Yeah, far as the heat specialist's recommendation goes it's get larger emitters to reduce flow temp and increase efficiency.

The ASHP cycling is pretty brutal, temps are higher at the moment as I've squashed the WC curve slightly to see its effect but not a huge one.

In terms of flow of water - heat specialist actually changed that down, was 36l/min, now 28l/min, he was here a good few hours and was monitoring the length of ASHP cycles with changes trying to get them longer by creating the heat dump and adjusting the ASHP speed and secondary pump speed etc.

At this rate I suspect my only course is to keep pushing for the larger rads with the builder.  Not sure how a buffer tank will have as big an impact.  I suspect intention there is to force a greater temp diff to keep the ASHP cycling longer.

The zone valves other than underfloor are manually on.  I'm also wary of that LLH, fact when it was backwards installed caused issues, and still I see odd results on the temp probes (not done the check of variations yet, but 2 on the top left show same thing, it's not as warm as just before the heating zone, so either mixing or just that particular portion of the pipe isn't giving as much heat).

As for the Grant unit, I'd agree, it's a pain to adjust settings, and I can see it cycles off when really there's still a temp difference being shown so it can't modulate very low.

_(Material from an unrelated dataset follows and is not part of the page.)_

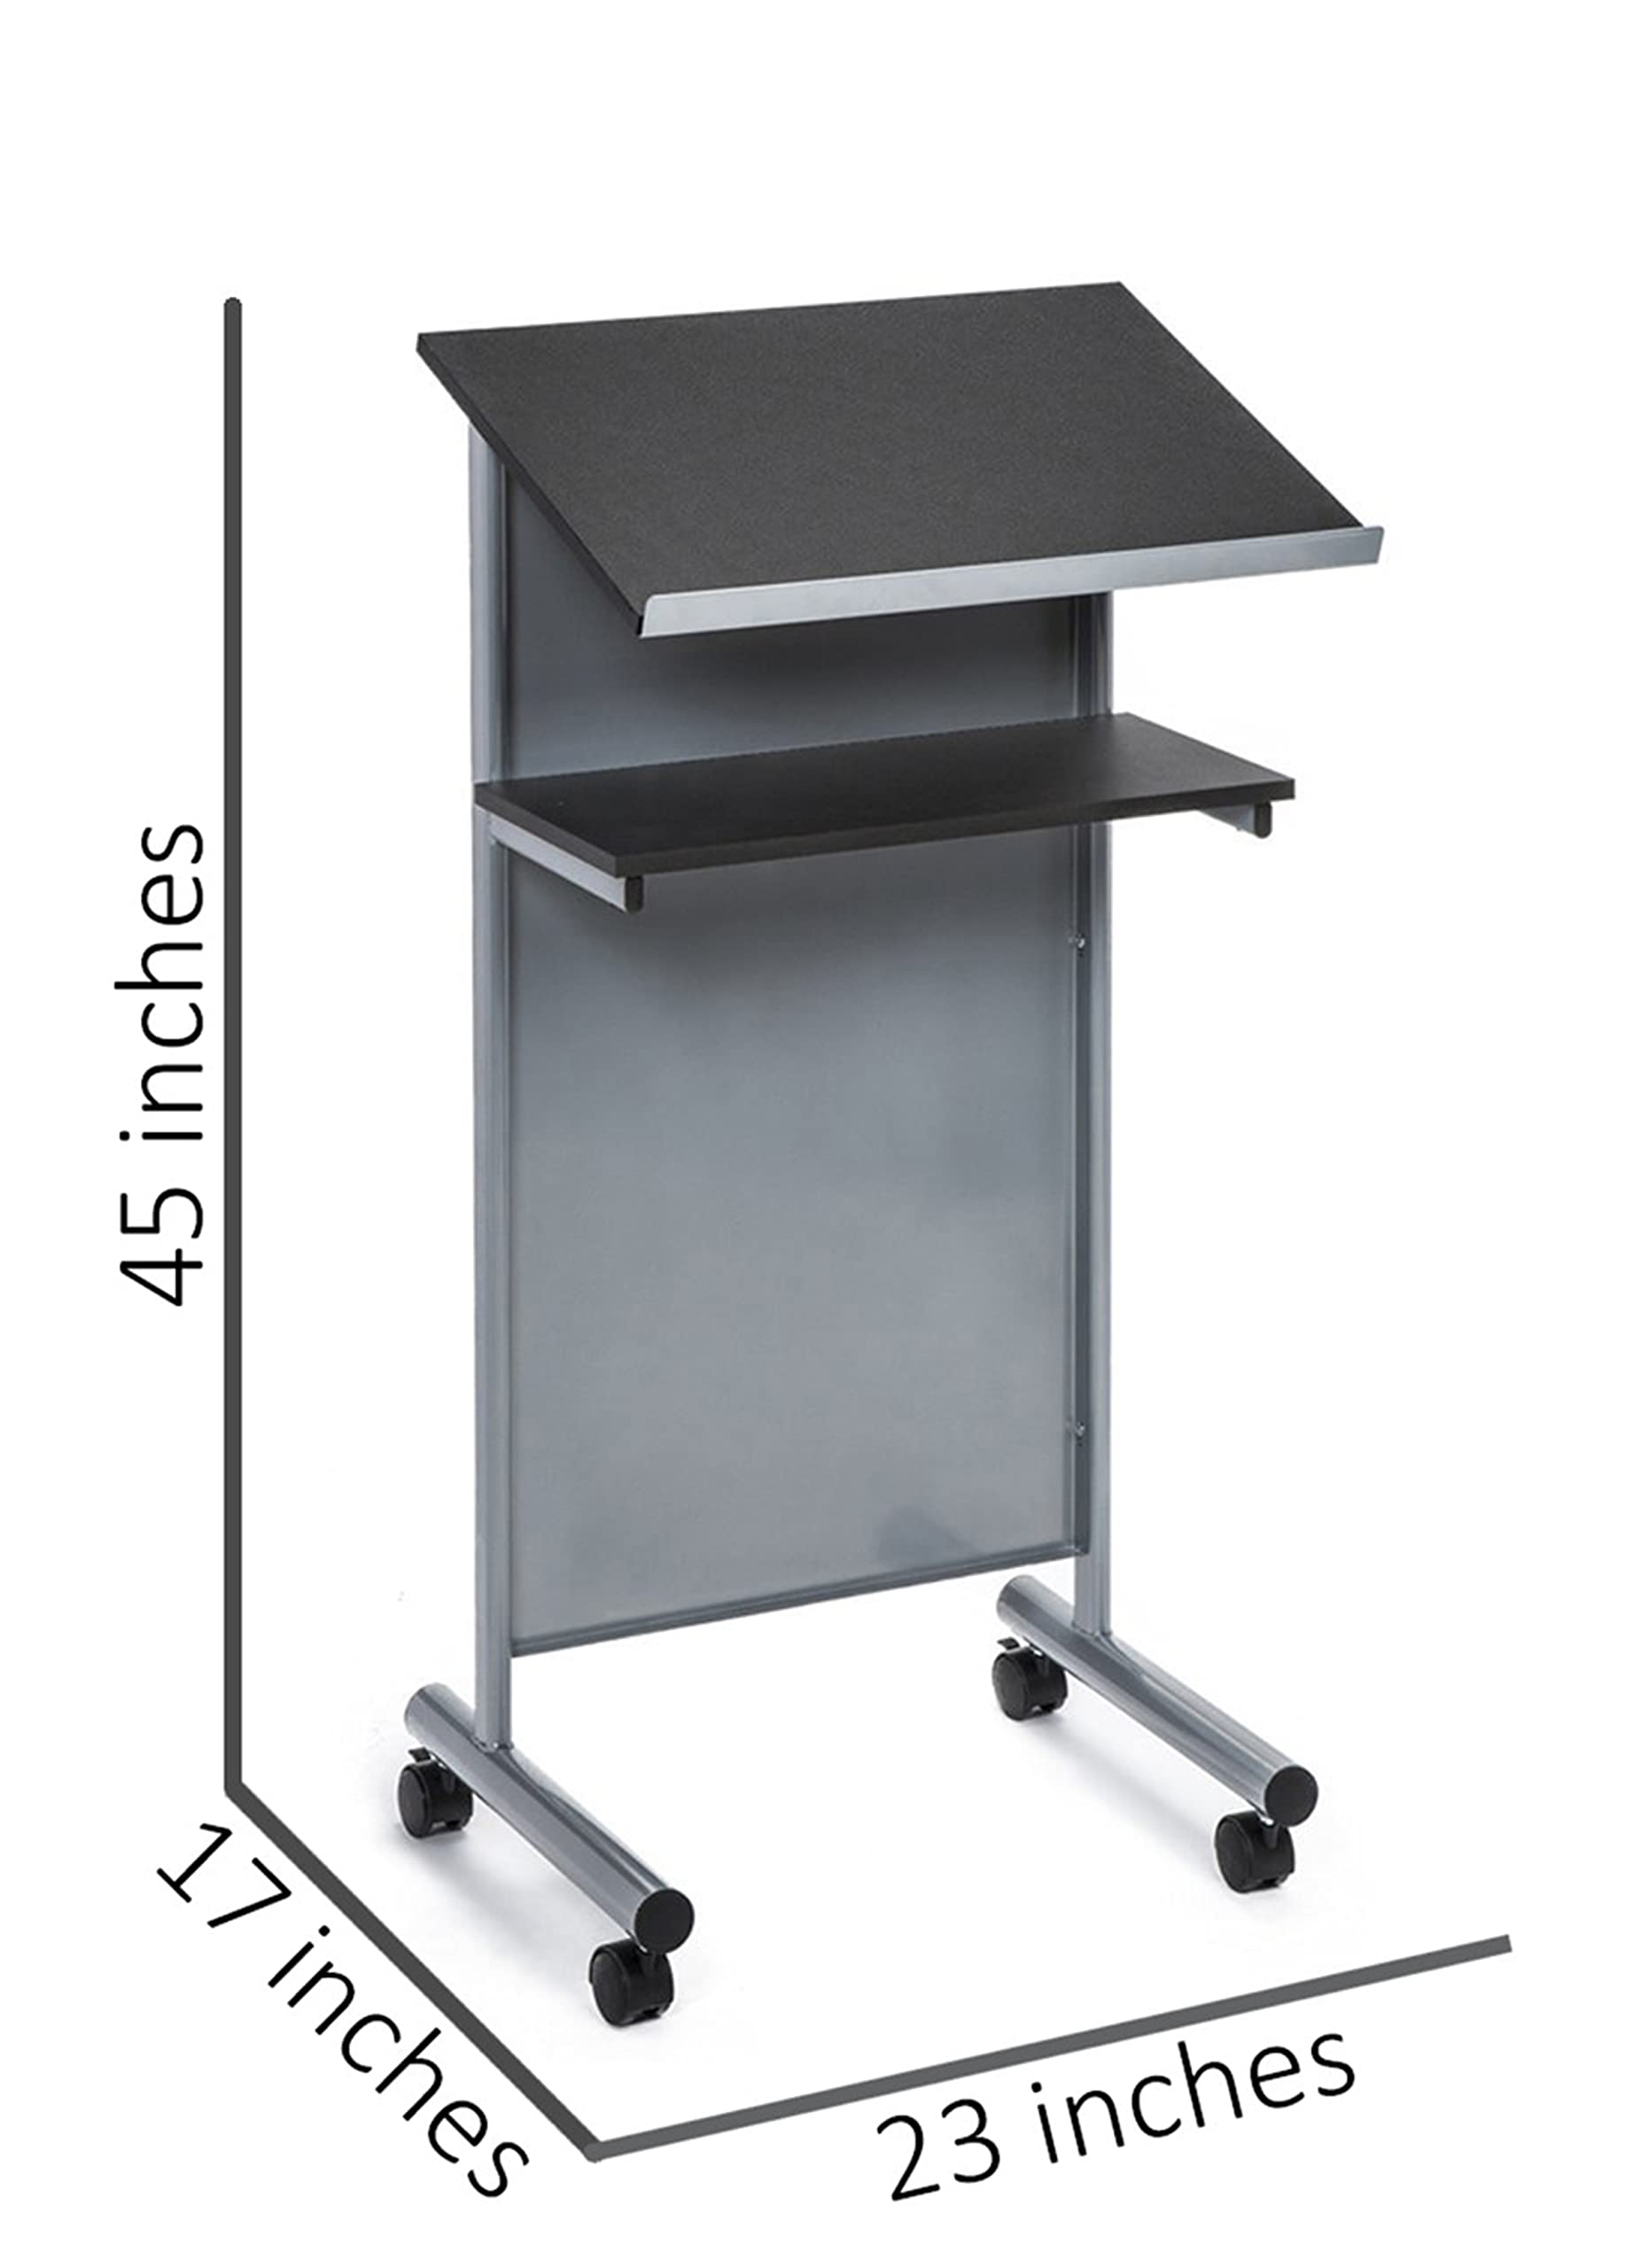 Audio-Visual Direct Wheeled Lectern Podium - Standing Desk with Storage Shelf - Silver/Black - Ideal for Presentations and Laptop Use

It's one zone that's not performing, it has the smallest rads, others zones can easily hit temps, so logic would state just up the size of them.

@crimson Possibly, but I still think it is a water flow issue looking at the pictures. You will find a huge difference removing the low loss header and all other pump, the grant has a reasonable pump in it and should be man enough, with a little balancing to do the job. You will find, with your underfloor (remove ALL the actuators) the unit will cycle significantly less.

Posted by: @crimson

↑

Yeah, far as the heat specialist's recommendation goes it's get larger emitters to reduce flow temp and increase efficiency.

The ASHP cycling is pretty brutal, temps are higher at the moment as I've squashed the WC curve slightly to see its effect but not a huge one.

In terms of flow of water - heat specialist actually changed that down, was 36l/min, now 28l/min, he was here a good few hours and was monitoring the length of ASHP cycles with changes trying to get them longer by creating the heat dump and adjusting the ASHP speed and secondary pump speed etc.

At this rate I suspect my only course is to keep pushing for the larger rads with the builder.  Not sure how a buffer tank will have as big an impact.  I suspect intention there is to force a greater temp diff to keep the ASHP cycling longer.

The zone valves other than underfloor are manually on.  I'm also wary of that LLH, fact when it was backwards installed caused issues, and still I see odd results on the temp probes (not done the check of variations yet, but 2 on the top left show same thing, it's not as warm as just before the heating zone, so either mixing or just that particular portion of the pipe isn't giving as much heat).

As for the Grant unit, I'd agree, it's a pain to adjust settings, and I can see it cycles off when really there's still a temp difference being shown so it can't modulate very low.

It's one zone that's not performing, it has the smallest rads, others zones can easily hit temps, so logic would state just up the size of them.

If you read back in the thread I did suggest changing the LLH into a small volumiser rather than fully removing, but maybe something to consider once the heating season has ended. If the flow rate has been reduced in the primary circuit then it will also be necessary to do the same in the secondary circuit.

I would always recommend larger heat emitters if at all possible, though the capacity in each room should be selected to match the heat loss at a given LWT, it is quite pointless having large emitters in one or two rooms if they then have to be throttled back to balance with the other rooms.

Thanks @heacol 
Just asked the specialist on thoughts of removing the LLH as a first step to see affect.  His response was that "they're recommended by Grant as they don't have flow protection in their units.  Also direct piped could cause excessive defrosting due to cold water coming back from the rads."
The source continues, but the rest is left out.